Emmanuel Earl Ankrah professionally known as Earl Ankrah is a Ghanaian former national television show host; and currently a policy communications practitioner.

Education 
Earl Ankrah attended Accra Academy, where he was a chapel prefect; the Ghana Institute of Journalism, where he obtained a Diploma in Journalism; the Graduate School of Management (UK and Accra campuses) where he took a graduate course in Public Relations and then the National Institute for Labour Economics Research and Development, New Delhi, where he read an MA in Human Resource Planning and Development.

Career
Earl Ankrah is widely acknowledged as the creator and pioneer of breakfast television in Ghana. He was the originator and co-host of the Ghana Broadcasting Corporation's The Breakfast Show. In his very early stages on television, Earl introduced a flexible and engaging presentation style that won him admiration and earned him coveted awards. His fluid chemistry with his co-anchor Akushika Acquaye, sparked rumours in the country about them being in a relationship. Earl Ankrah is idolized by Ghanaian celebrity, including award-winning television anchors who refer to him as "Legendary Earl Ankrah", he's the originator and host of the Ghana Broadcasting Corporation's Breakfast Show in the 90s. In 2006, Ankrah hosted EA Live!, an avant-garde magazine talk programme, which he purposed to run for one season only.
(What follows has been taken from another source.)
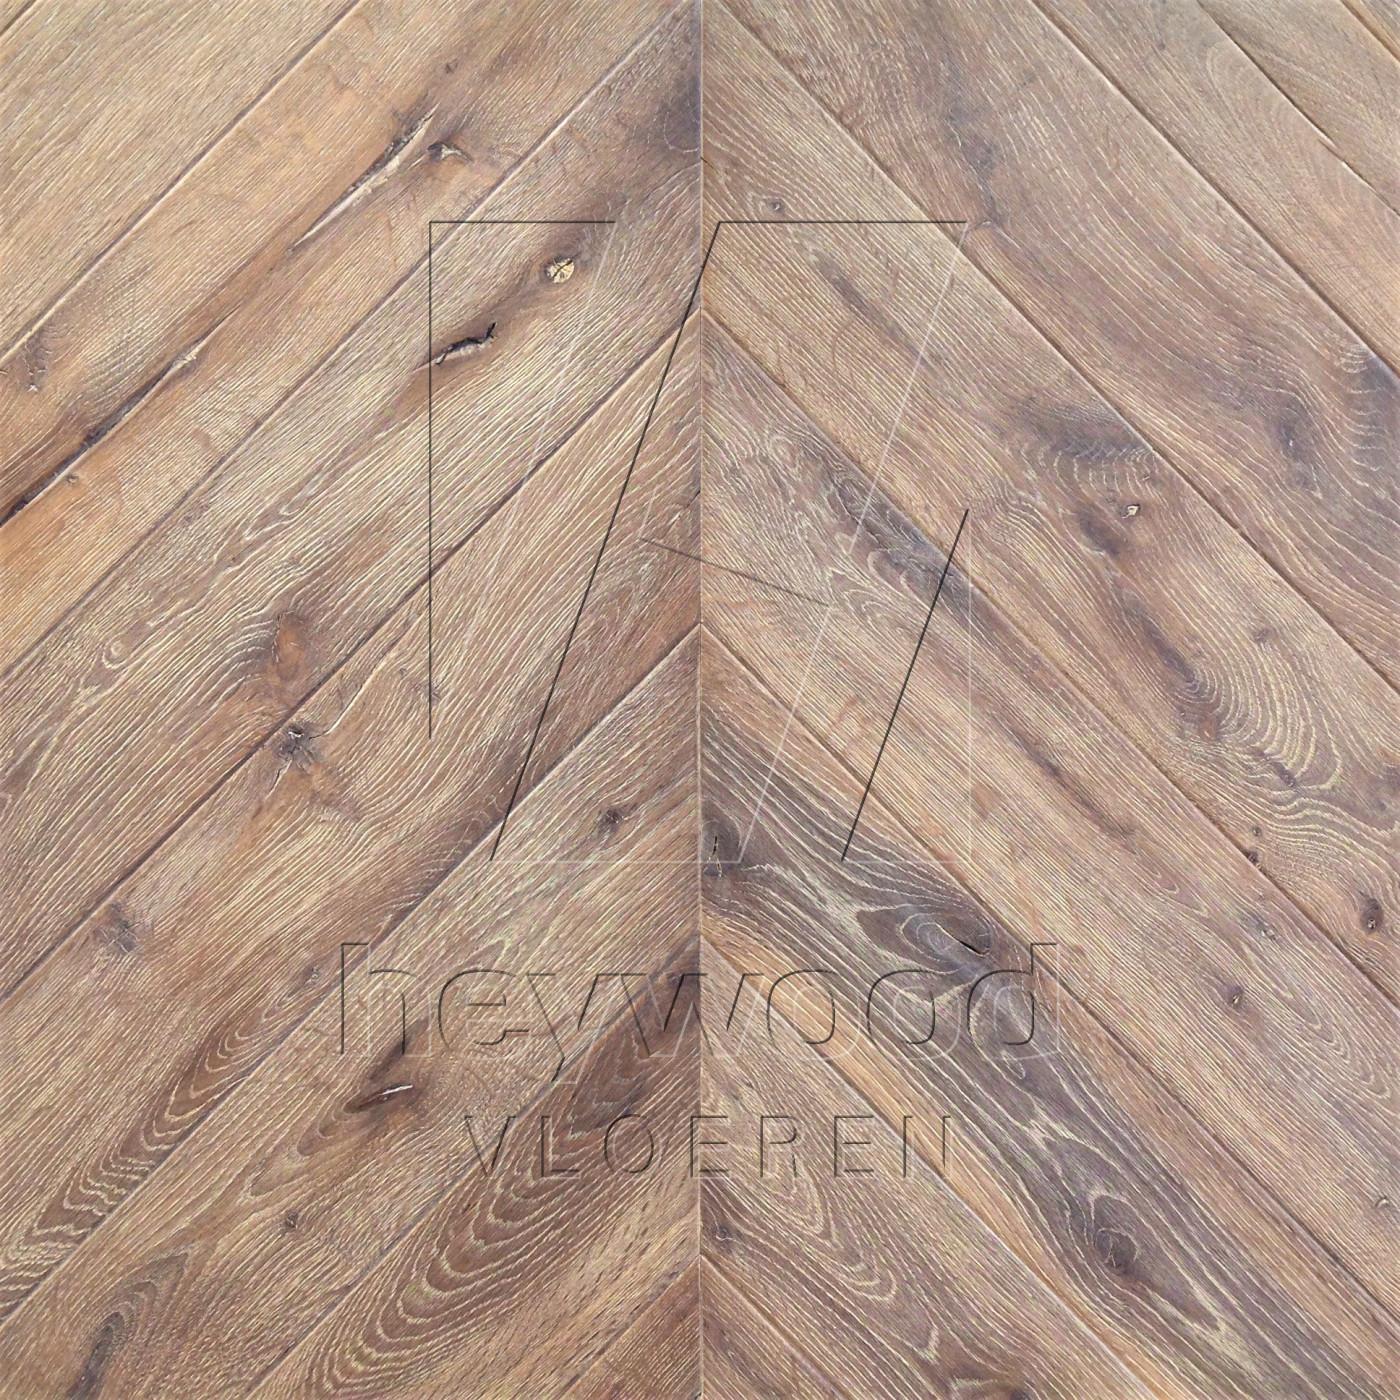 Antique Chevron 'Cerro Torre' in Chevron of Pattern & Panel Floors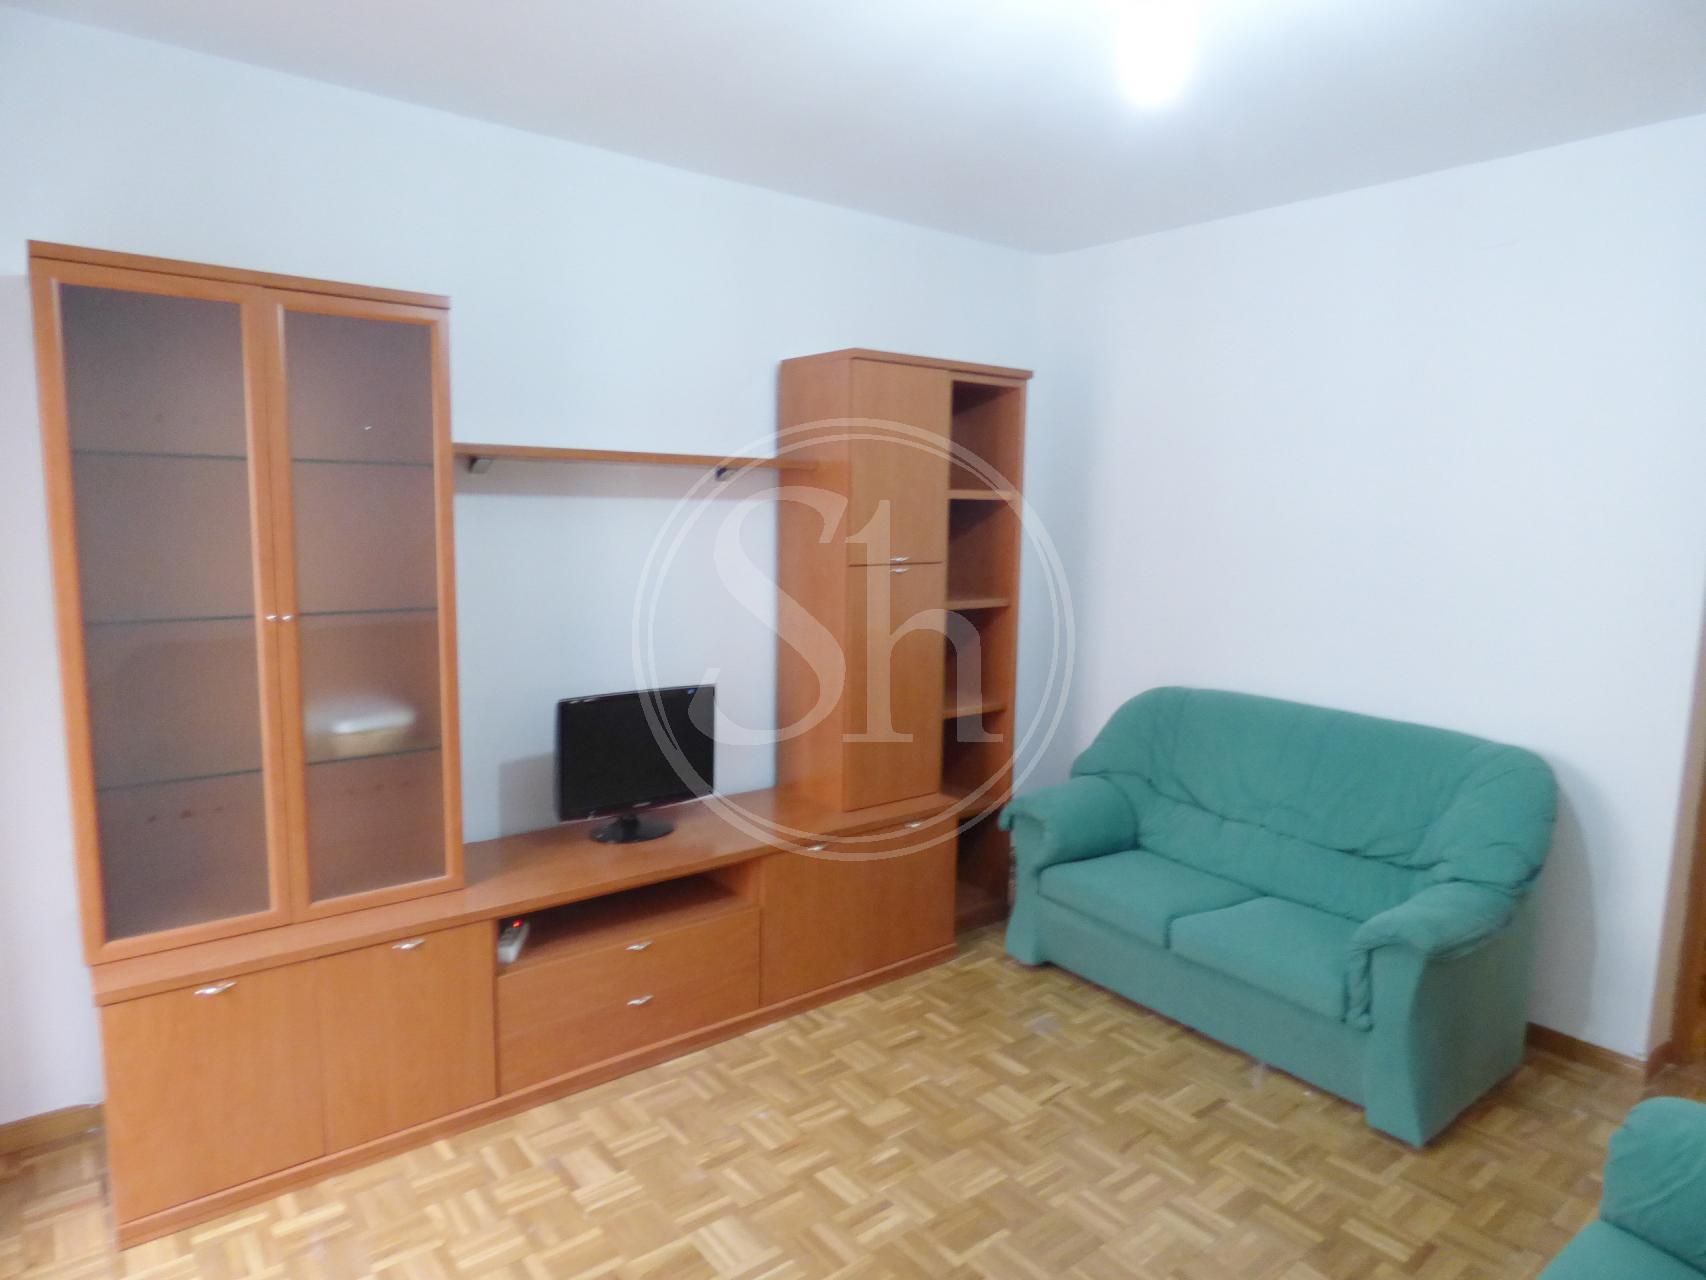 Apartment For Rent Madrid Ciudad Lineal Alcala Ciudad Lineal

Earl Ankrah is currently the Ag. Director for Research, Monitoring & Evaluation and Head of Public Affairs at Fair Wages and Salaries Commission, (the state organisation responsible for determining and negotiating salaries of public sector employees in Ghana), under the Ministry of Employment and Labour Relations. He has played a pivotal role in the implementation of the Single Spine Pay Policy and the management of Government-Labour relations. His works with the Ministry, which involve high-level negotiations and partnerships with Labour Unions, have taken him close to world leaders like British Prime Minister Theresa May, French President Emanuel Macron and Luxembourg Prime Minister Xavier Bettel.

Earl is also an avid writer on a broad spectrum of issues, through an entertaining play on words and sharp wit. His articles seek to pivot public attention away from entrenched biases and stagnant norms, towards more open-minded, progressive and realistic new-day approaches to divisive issues around the world (especially in Ghana and the United States). In some of his writings, like "Blue's Clues", he nudged then US President-Elect Joe Biden not to try too hard to win Republican support, in his bid to fulfil his campaign promises, as that is highly likely to prove futile; but rather tap into his real "rough Joe" self to achieve rapid results, before his term runs out. In "The Trial of Donald J. Trump", Ankrah criticises the irony of American democracy, which makes a series of constitutional provisions (between election day and June 6), that permit Trump to overturn election results; yet he's vilified for attempting to do so. In "Gunsmoke and Mirrors", he criticised Ghana's security agencies and the judiciary for the "clumsy" conviction and incarceration of Charles Antwi (a mentally unstable man), who had confessed his intent to assassinate the President of Ghana. Ankrah's article, supported the efforts of others who took legal action, leading to the release of the convict from BNI custody.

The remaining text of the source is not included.